Larry Williams et Edward Larson, en 1996, refirent le sondage. Le résultat fut le même: 40% de croyants. 45% d'athées et 15% de sans opinion. de sorte que 80 ans plus tard, et après des milliers de découvertes, les scientifiques continuaient d'être aussi religieux et pas seulement les scientifiques! 
Dans La revanche de Dieu, il y a vingt-cinq ans, Gilles Kepel était considéré comme alarmiste sur le retour des radicalismes dans le paysage politique mondial. Aujourd'hui, avec les appels au djihad, la poussée des théocons dans l'administration américaine, le terrorisme d'Al-Qaida, le guerre en Afghanistan, l'invasion de l'Irak, l'aggravation de  l'affrontement entre les monothéistes du Moyen-orient, la renaissance de l'intégrisme catholique, les manifestations dogmatiques contre les homosexuels, en Espagne notamment, contre l'école laïque, la crise provoquée par des caricatures de Mahomet dans un journal danois etc.,
nous pouvons affirmer que les pronostics de Kepel se sont réalisés et ont même dépassé, dans bien des cas, les prévisions.
Dieu est entré en politique. Dieu est-il en train de gagner? C'est sans doute exagéré, mais Dieu et surtout les croyants continuent d'occuper l'échiquier  face à la connaissance rationaliste, sous toutes ses formes et sur tous les terrains. La religion est toujours présente, et parfois de façon agressive.
Pourquoi? 

Une chose est de croire à l'électricité, en l'énergie nucléaire,  mais une autre bien différente est de "croire" en la Vierge Marie. Elles appartiennent à des domaines distincts dans le domaine de la foi et nécessitent des bases différentes pour s'alimenter, les  unes prises dans le  champs de l'expérience et de l'analyse rationnelle, les autres dans celui des émotions ou des attachements sentimentaux..
Nos sens ne servent pas à nous réinventer  des réalités alternatives, mais avant tout à capter avec la plus grande exactitude possible ce qui existe.
Les croyants, dans la grande majorité. ne considèrent pas leur foi comme métaphorique ou poétique du mystère de l' Univers ou de la vie  (ce qui pourrait être acceptable intellectuellement), mais comme des explications efficaces de ce que nous sommes et pouvons espérer.
Nous devons accepter la croyance des autres même si nous ne la partageons pas et la prendre au sérieux, non comme un résidu du passé, mais comme une chose  fiable et  stable qui   chemine depuis nos origines, quelque soit notre culture, jusqu'à maintenant.

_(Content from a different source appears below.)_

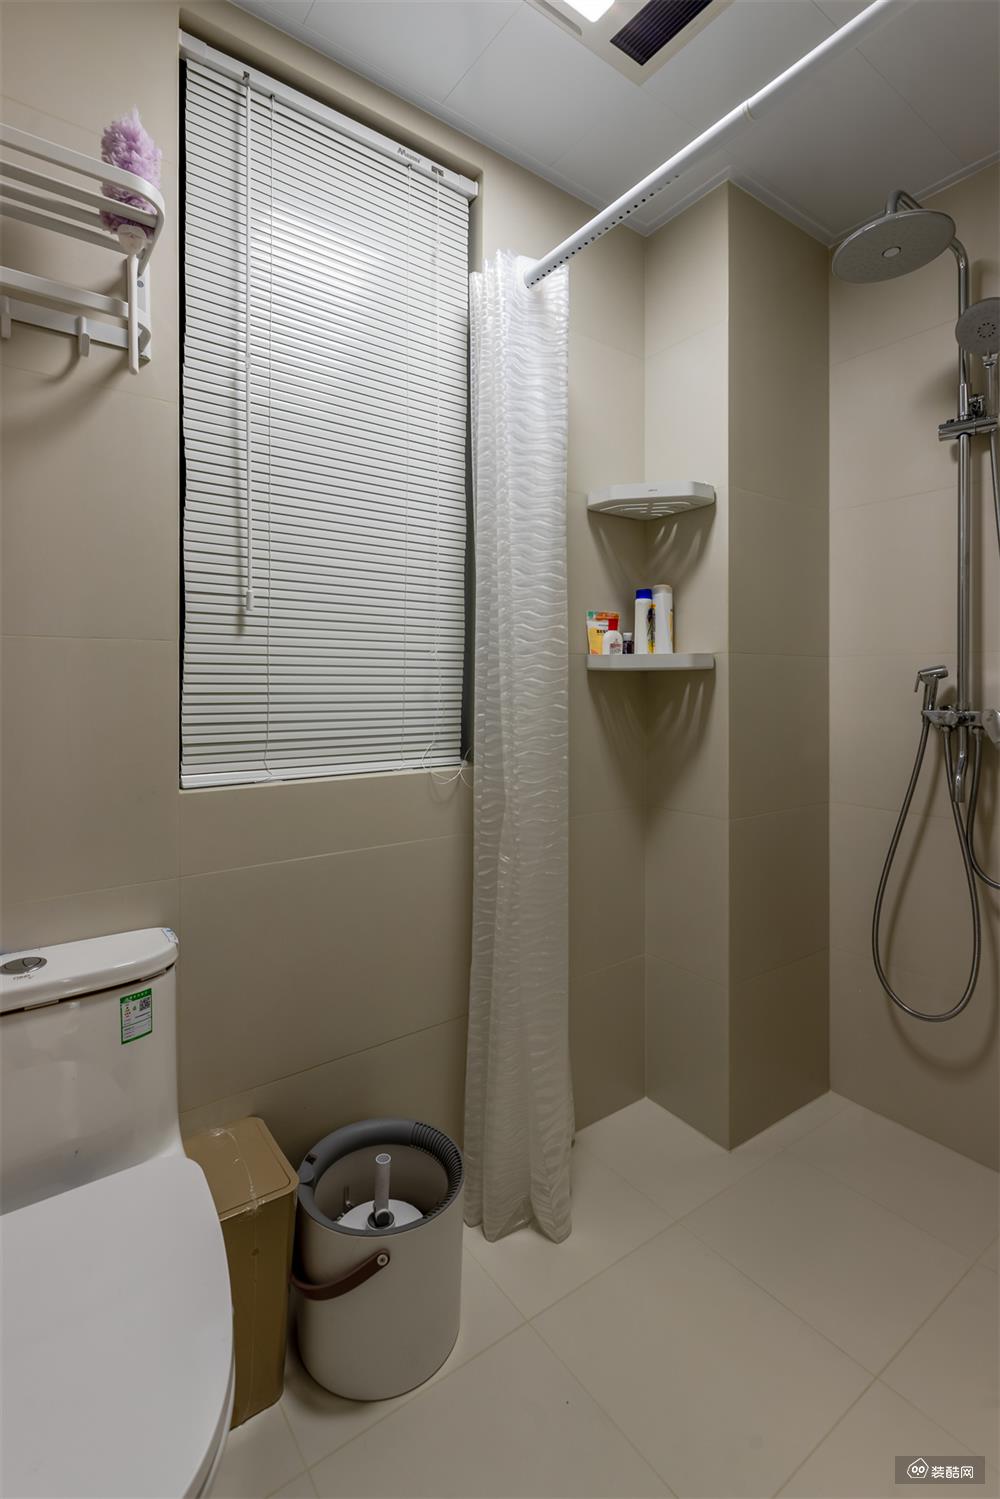 至于湿区部分，马桶、淋浴有效分区不重叠，避免潮湿，能更好地发挥各自功用。内部铺贴墙地一体米色砖，纯色搭配更显档次，对于保持优良卫生环境也有极大帮助。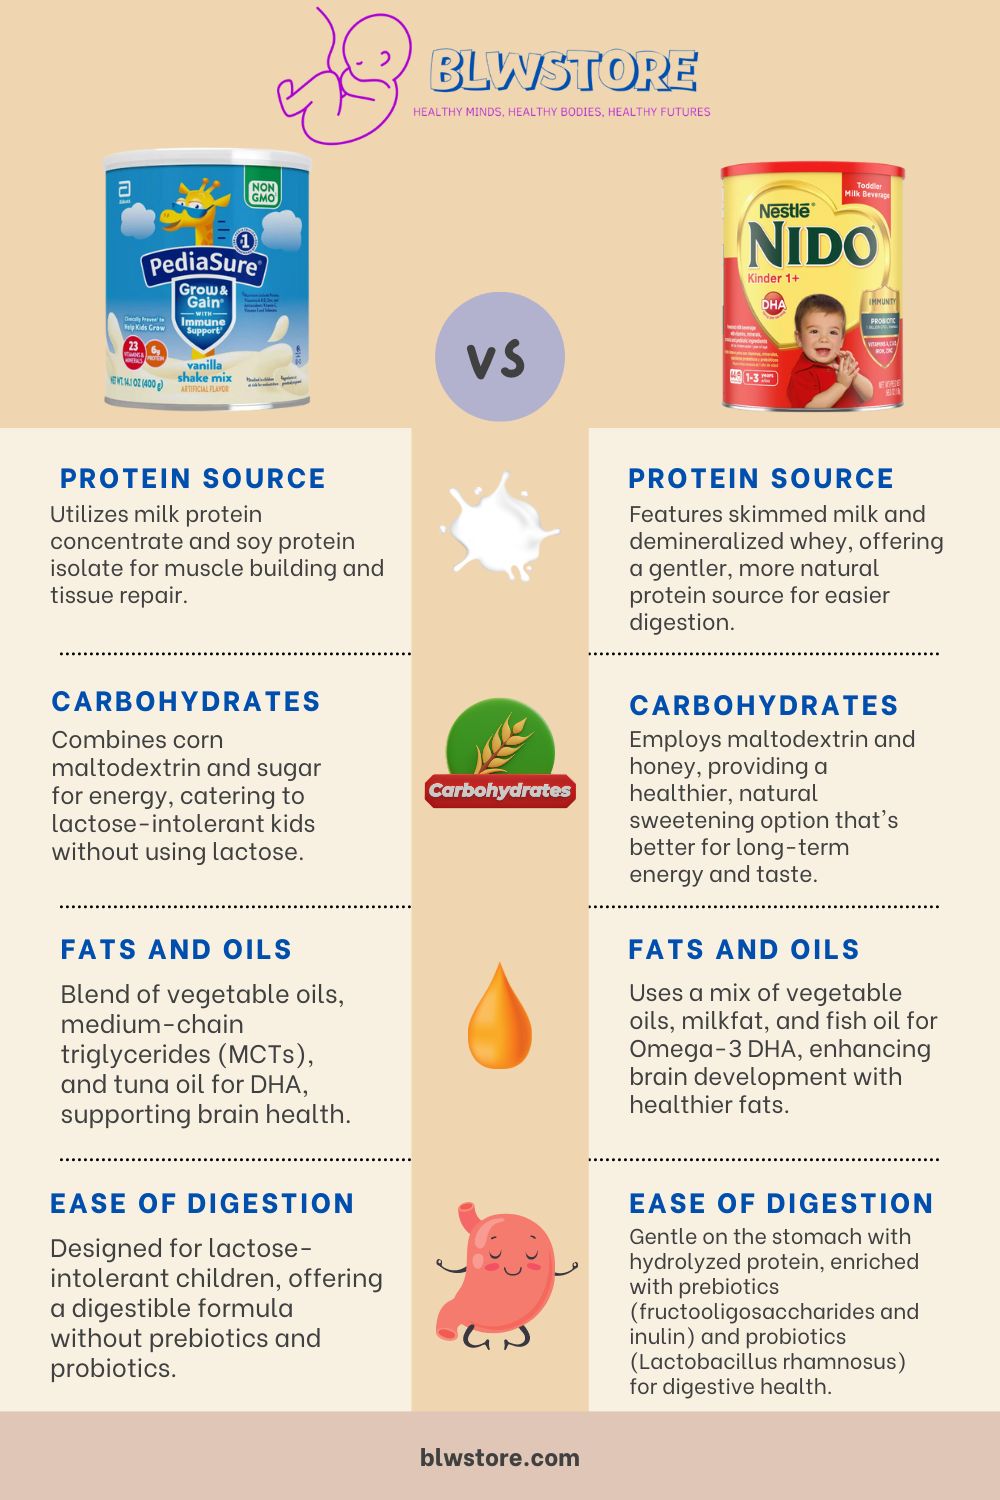 Pediasure vs NIDO Nestlé Infographic

Certains cyniques s'accorderont sur le fait que l'unique secret qui sert de socle aux croyances surnaturelles est l'unité sociale: elle calme le peuple, les colères, les inquiétudes.
Les religions ont aussi la vertu d'être le meilleur fondement des valeurs morales, même si les églises accordent parfois plus de poids aux questions rituelles qu'à la justice ou la liberté, un supplément d'âme unificateur capable de rassembler  (bien que parfois elles agissent comme catalyseur d'affrontements et de factions) et la version modérée  des croyances traditionnelles comme palliatif de la destructuration sociale, ou crise des valeurs.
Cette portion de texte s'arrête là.